Since university informatization is implemented at the end of the last century, many universities have established and operated various database systems. However, the database systems existing among various departments are not related; thus, a number of information islands are formed in the whole school, which not only lead to a large amount of resources and a serious waste of funds in the school but also bring difficulties to the intensive management of teaching and reasonable study.
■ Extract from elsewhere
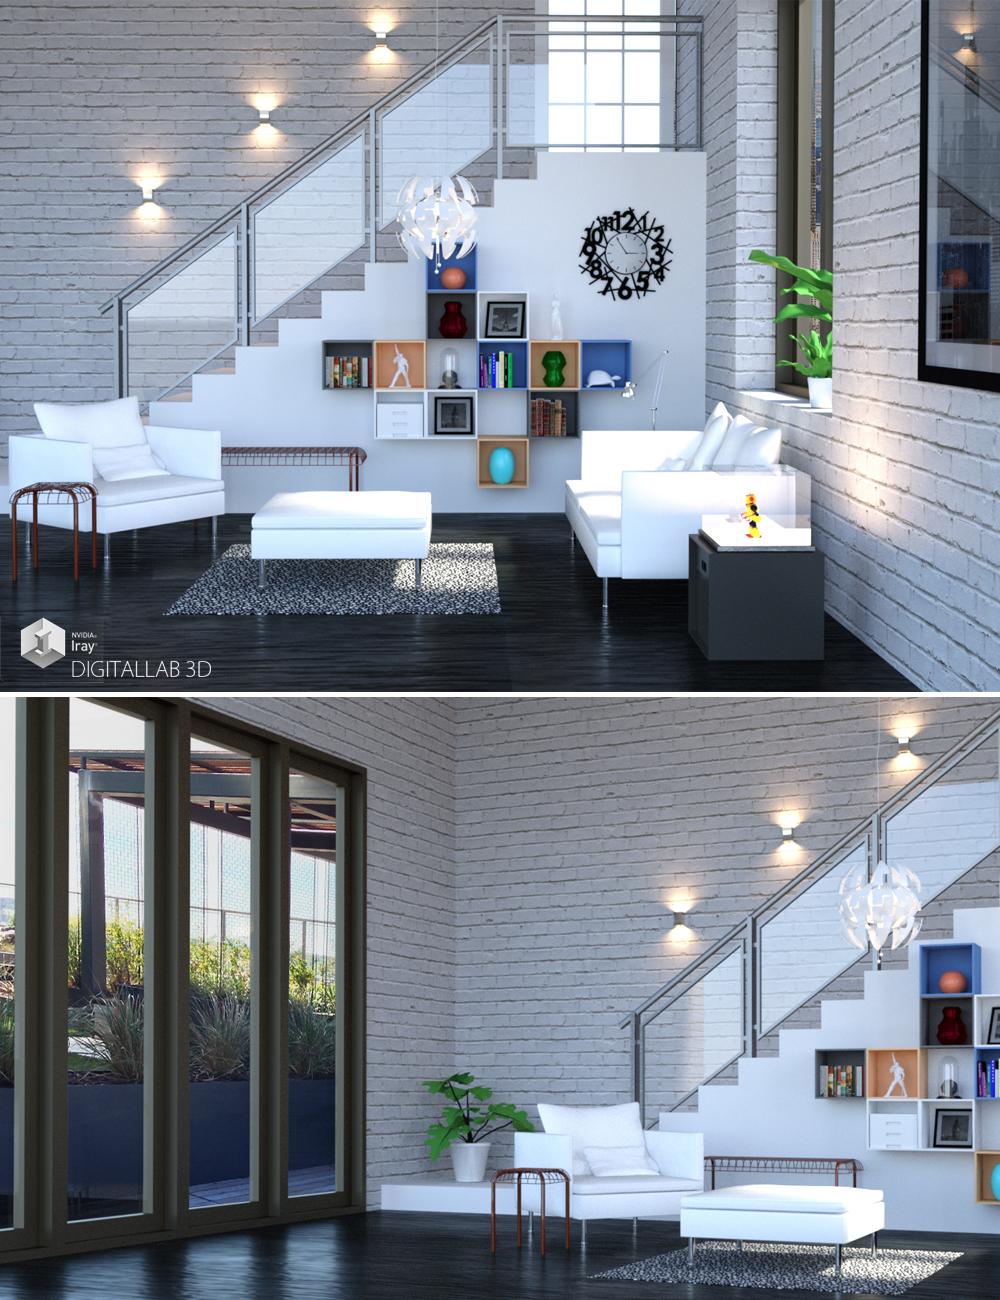 California Living Room by: Digitallab3D, 3D Models by Daz 3D

The SR management system also has its own characteristics [4]. The truly idealized university SR management system is a platform that fully realizes the networking of university SR management, and based on it, forms a data center and management communication platform that can be updated instantly, provides comprehensive and accurate SR information for schools, provides a powerful reference for school leaders to make relevant SR decisions, provides convenient, quick, and thoughtful services for all school teachers to carry out SR activities, and provides great convenience for SR managers [5–8]. With the increasing dependence of SR decision-making system on various data, it is very urgent to actively apply big data technology in university SR management informatization; therefore, more attention should be paid from all aspects, constantly explore and innovate, fully embody the role of big data, and provide assistance for the development of university SR management informatization.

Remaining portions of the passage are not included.